TEIXEIRA, Anísio. Carta a Fernando Azevedo, Rio
de Janeiro, 4 fev. 1971.
Localização do documento: Fundação Getúlio Vargas/CPDOC
- Arquivo Anísio Teixeira - ATc
31.12.27.
Rio, 4 de fevereiro
de 1971
Meu querido Fernando:
Acompanho-o de todo coração em sua imensa dor,
que também sei compreender, por haver passado por experiência semelhante.
Ajudou-me considerar a presença de José Maurício como a de um visitante.
Chegou, nos aqueceu a vida com sua bondade e estranho senso de ausência em
relação às transitoriedades da vida e partiu, alegre, quase sem se despedir… A
isto a reflexão juntou que o sofrimento era nosso e não dêle.
Dêle, era o repouso, o
definitivo repouso do Nirvana. Os orientais, parece-me,
compreenderam melhor a vida e a morte: a provação e o descanso. Felizes os que
partem! …embora seja terrível para os que ficam. Com religião, ou sem religião,
a realidade é todo êsse impenetrável mistério, de que
não há sair se não por essas pequenas frestas abertas ao espírito humano. Sei
que V. há de vencer a provação, pois conserva também aquêle
senso estoico - que os gregos vislumbraram - e que
completa o sentido de provação com o da fortaleza contra o sofrimento.
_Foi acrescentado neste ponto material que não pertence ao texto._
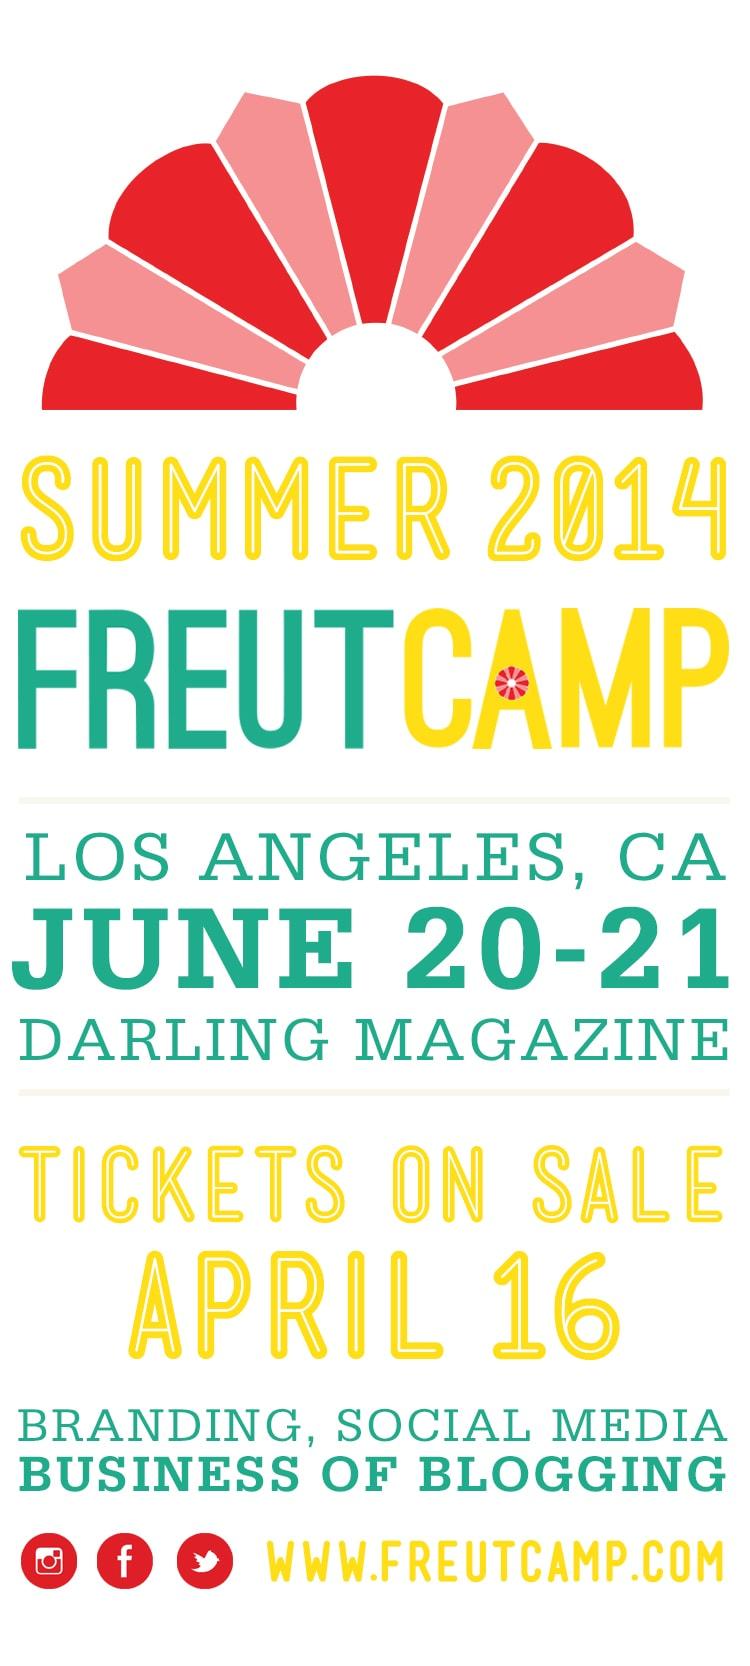 Freutcamp Summer 2014

O que Zeno viu, como ninguém, é êsse cáráter do destino humano: nossa fôrça
é a da resistência ao sofrimento. Você há de se recuperar, enriquecido com a
terrível experiência e mais forte, se possível fôsse,
para continuar a dar-nos a alegria de sua presença.
Com êsses votos, em que se mistura a profunda
amargura comum, é que lhe venho agradecer sua carta de 27de janeiro e a palavra
com que conforte êste seu velho amigo afeito às
rudezas da vida e atônito e grato ante os mistérios da generosidade humana em
certas ocasiões. Saiba eu beber êsse
leite da bondade humana, sem perder aquêle outro
senso estoico de in utrunque
paratum, que é o de que V. precisa hoje e todos nós
precisamos, para sermos fiéis a nós próprios, a despeito da condição humana.